RECORDED INFORMATION =
*****

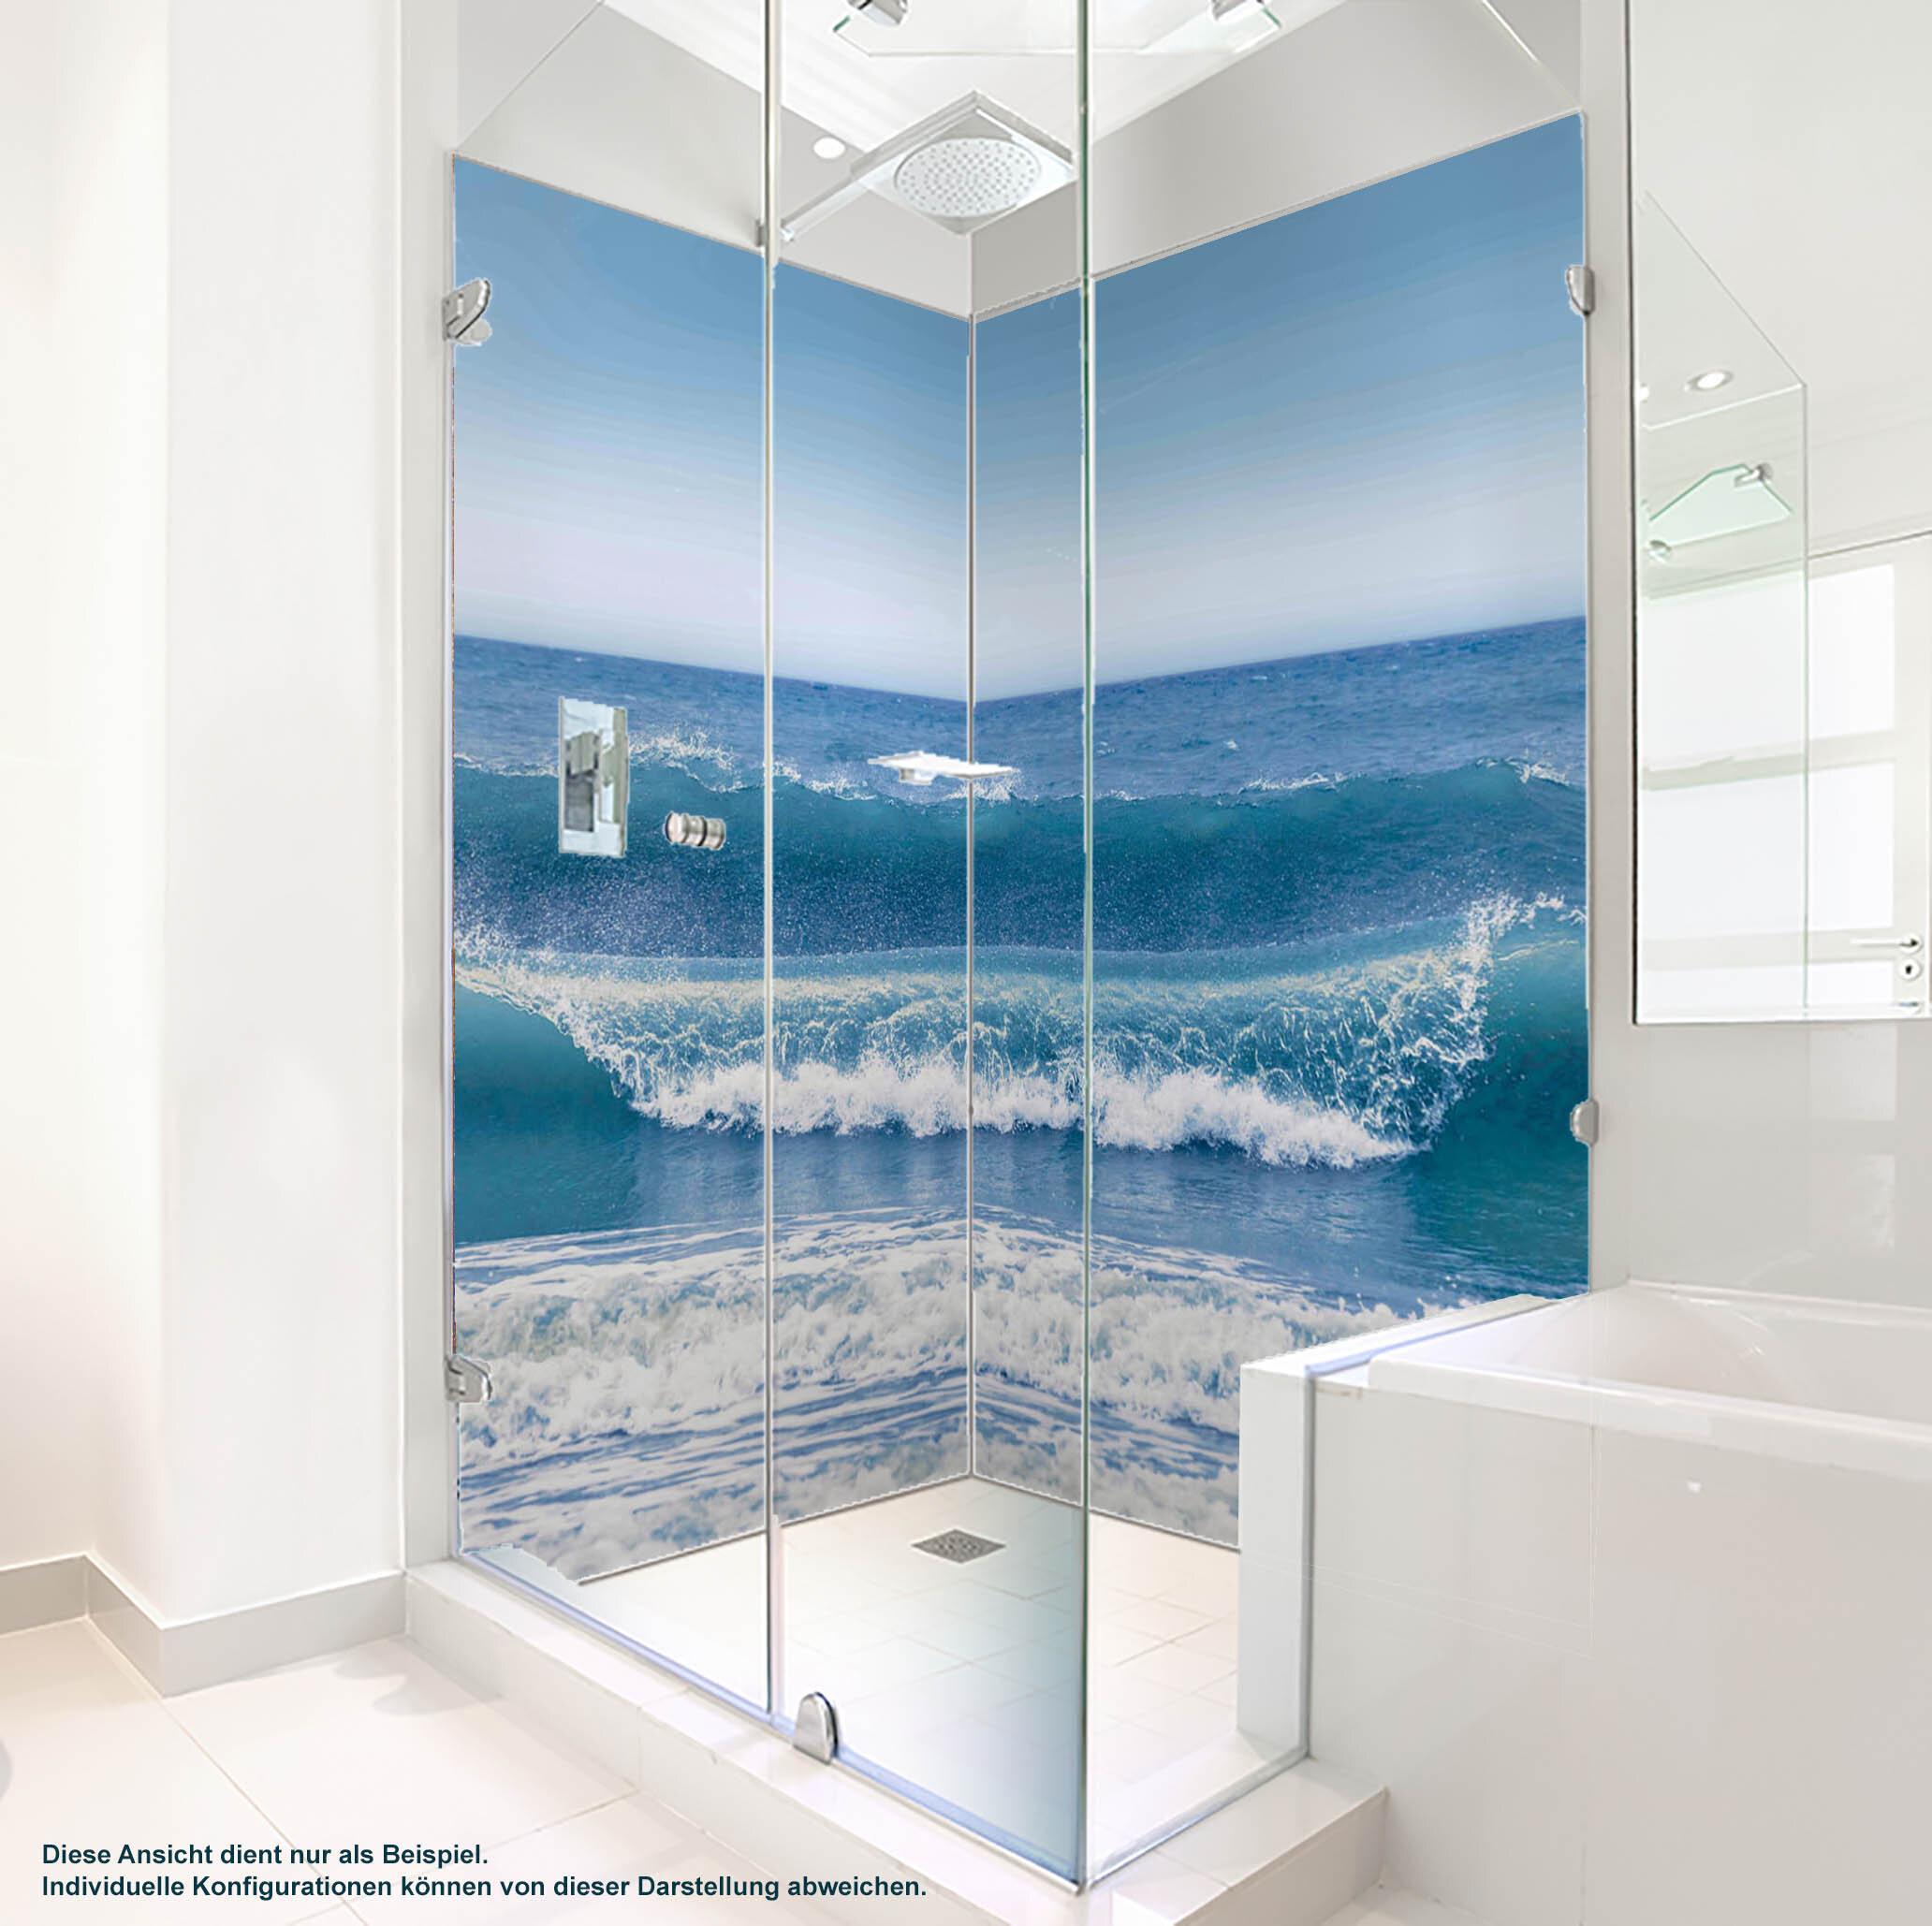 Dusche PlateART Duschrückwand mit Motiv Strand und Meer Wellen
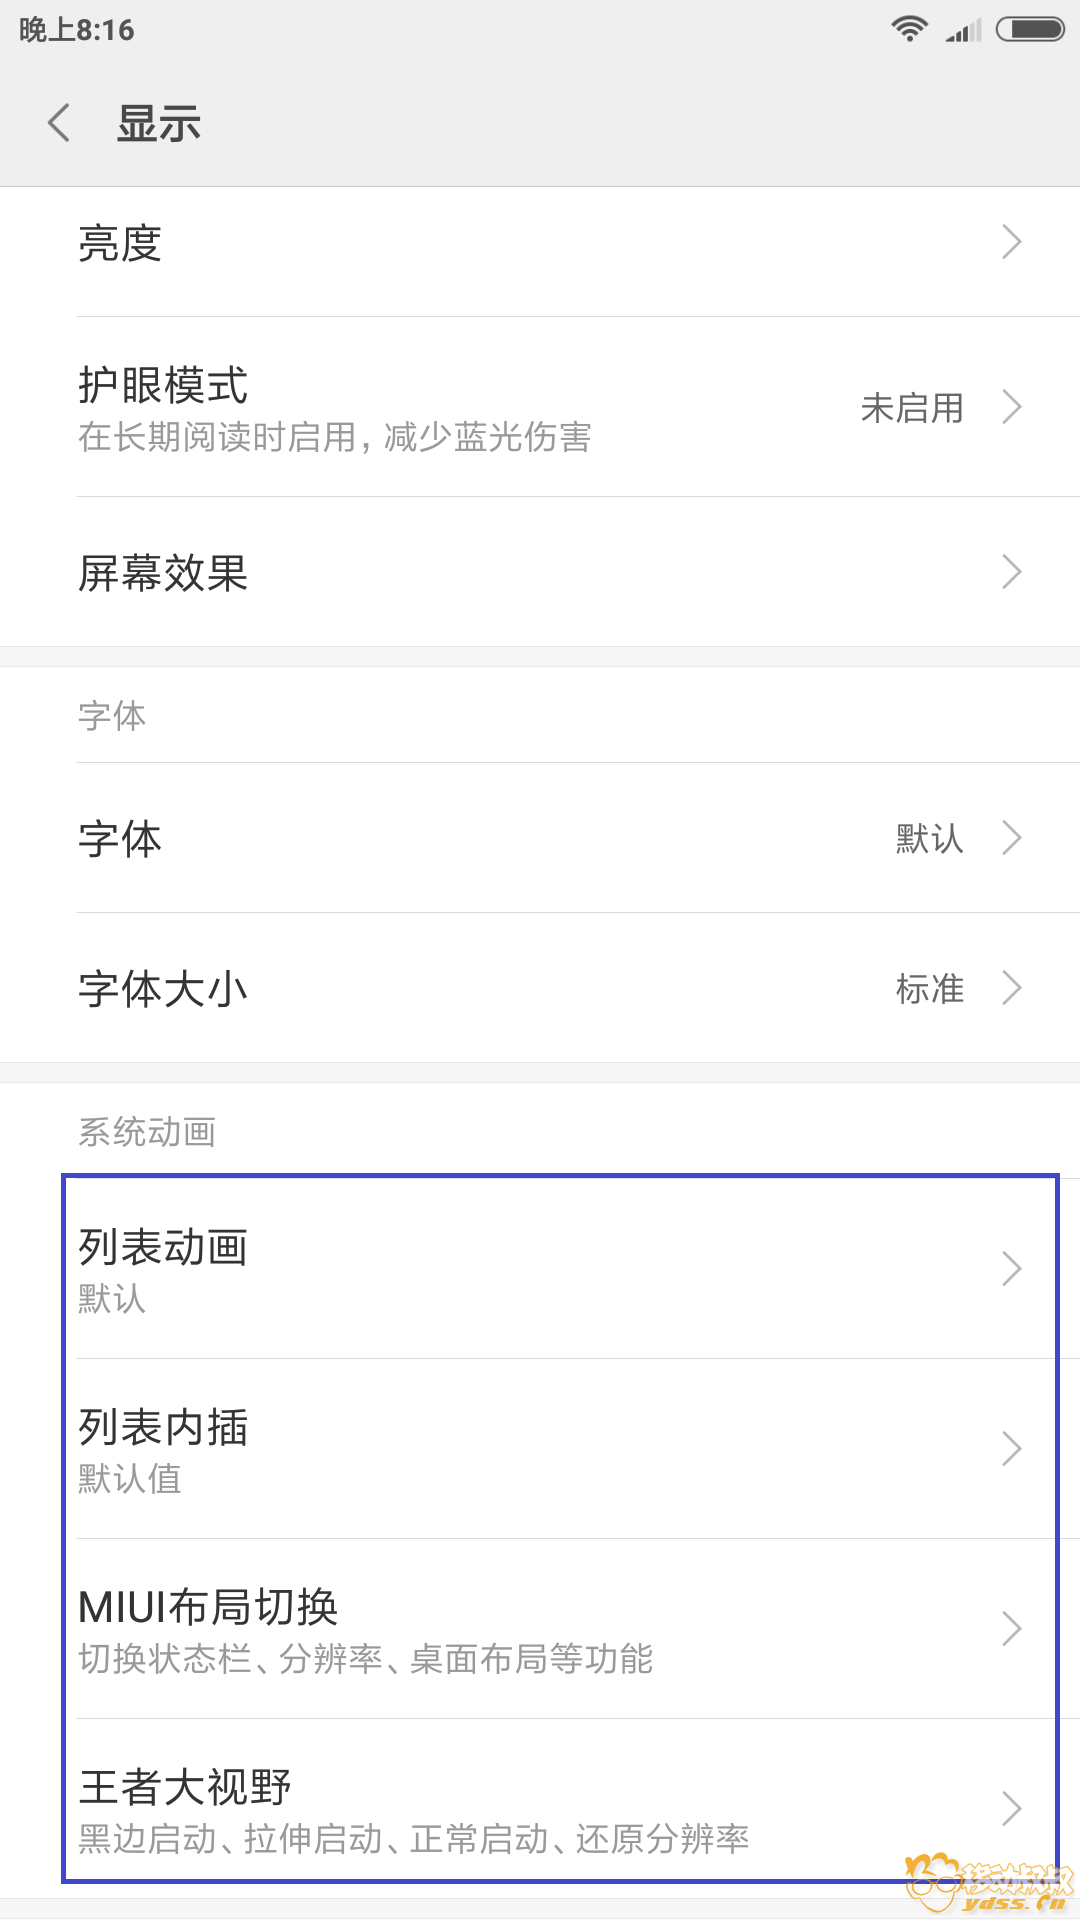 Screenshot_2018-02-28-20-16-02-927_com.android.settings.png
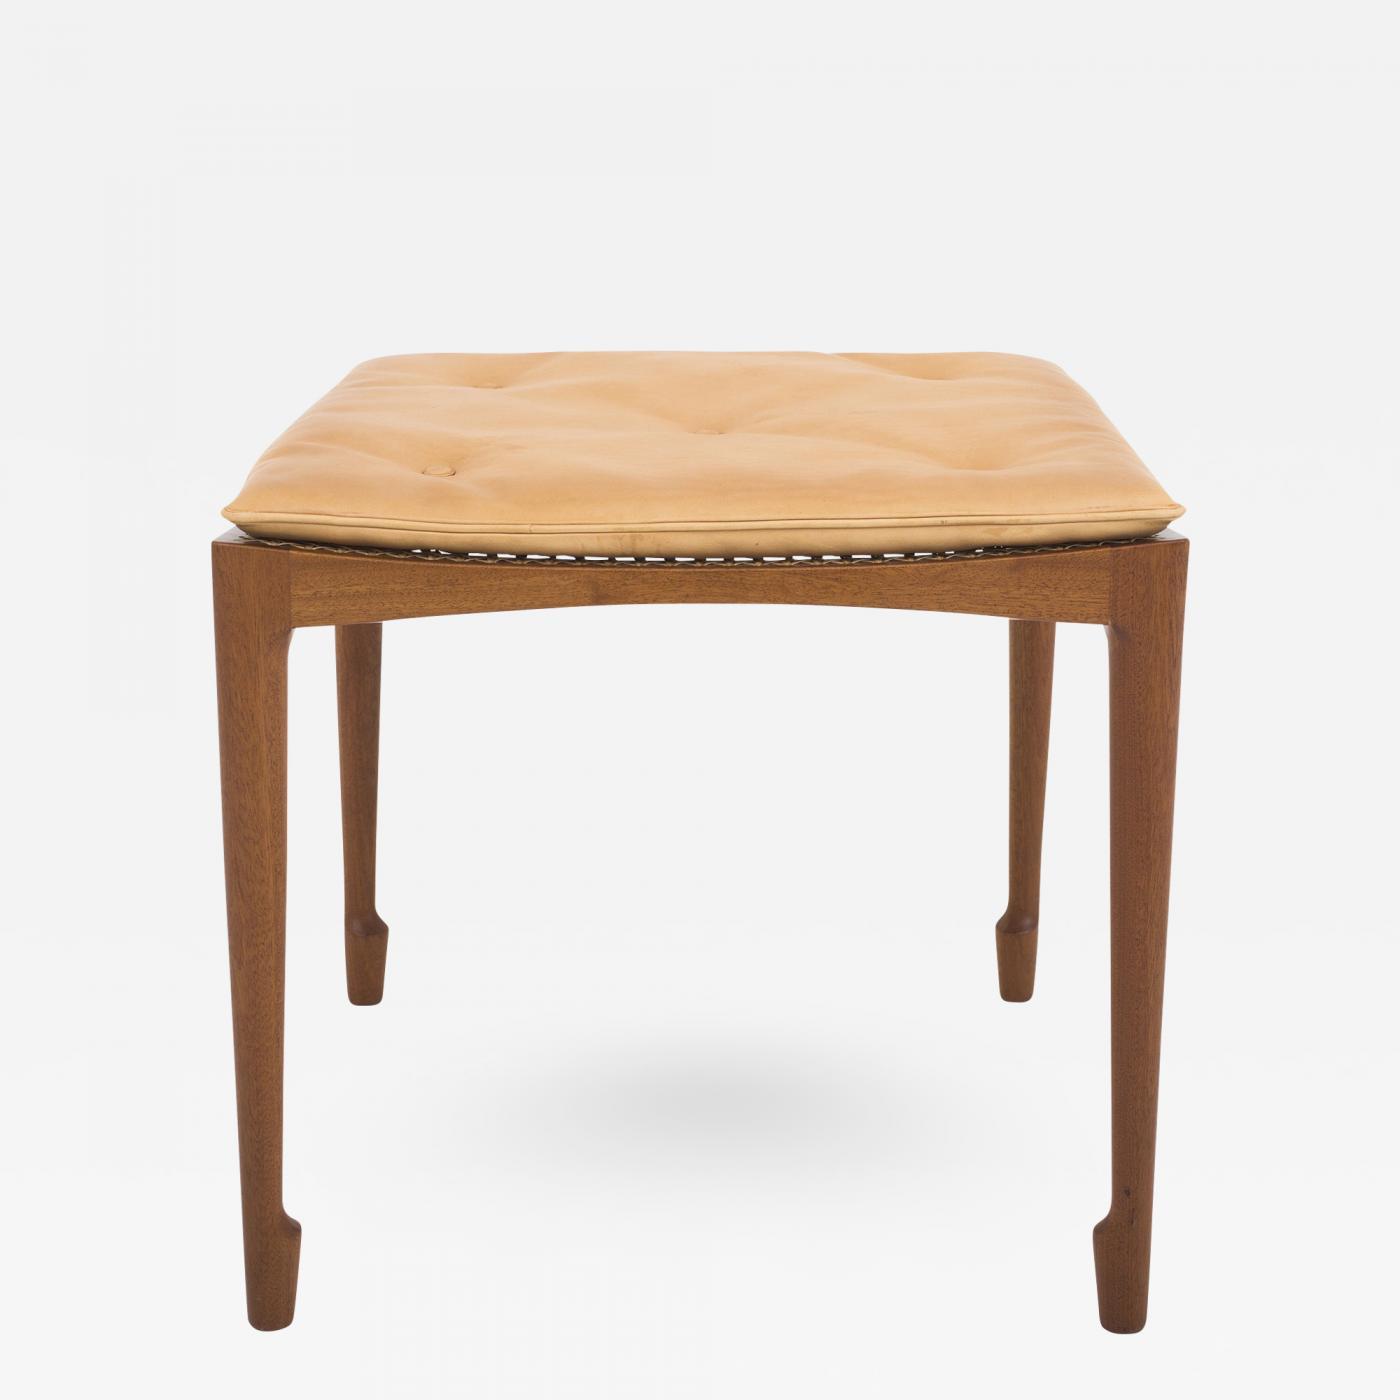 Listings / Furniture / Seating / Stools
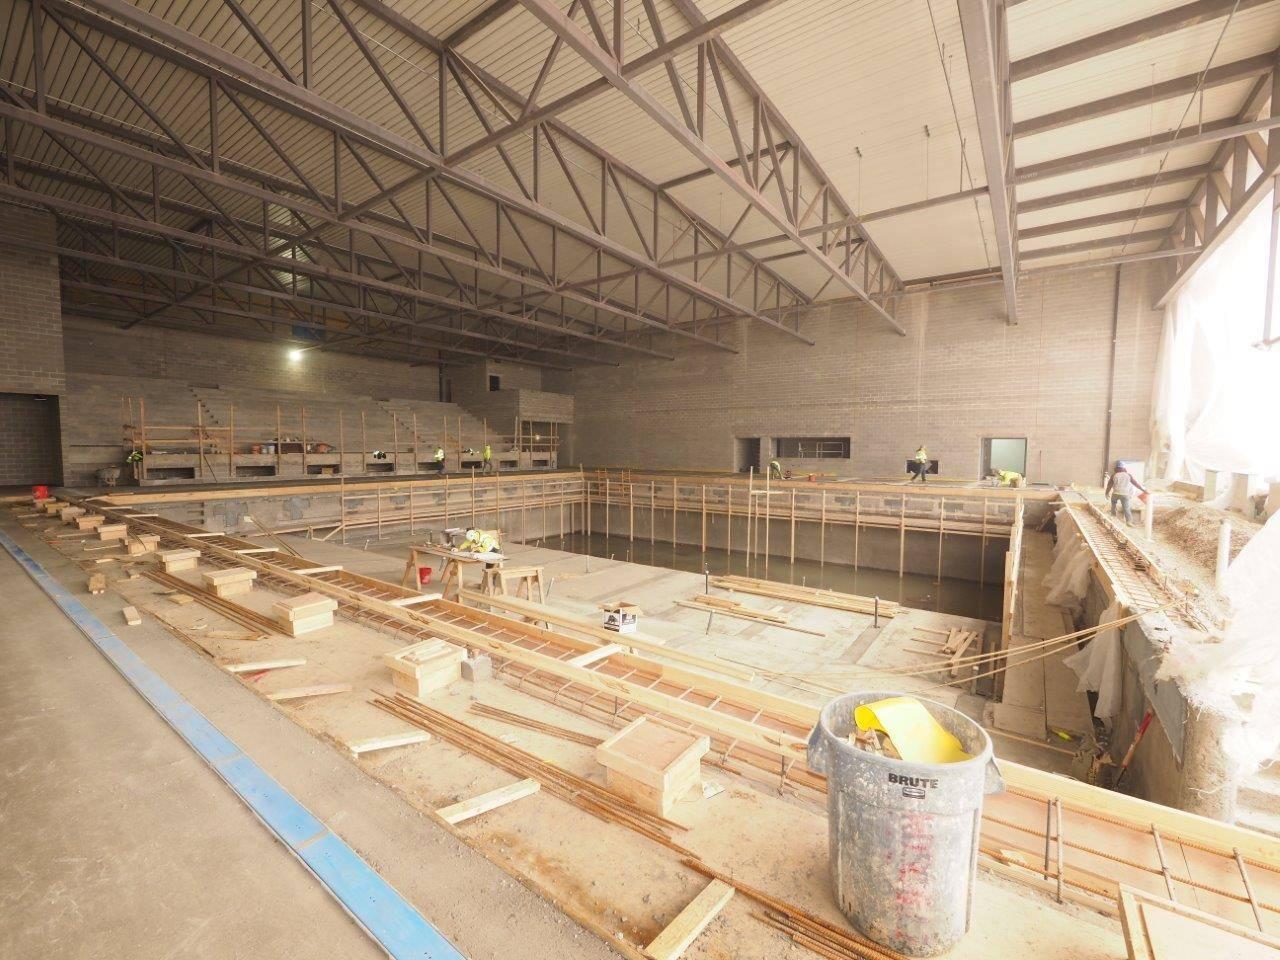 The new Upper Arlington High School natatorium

*****

YOUR TASK = Starting with the line that contains "Listings / Furniture / Seating / Stools", reproduce every line down to the end of the listing above, both endpoints included. Pictures stay out.

TASK ANSWER =
 Listings / Furniture / Seating / Stools
 The new Upper Arlington High School natatorium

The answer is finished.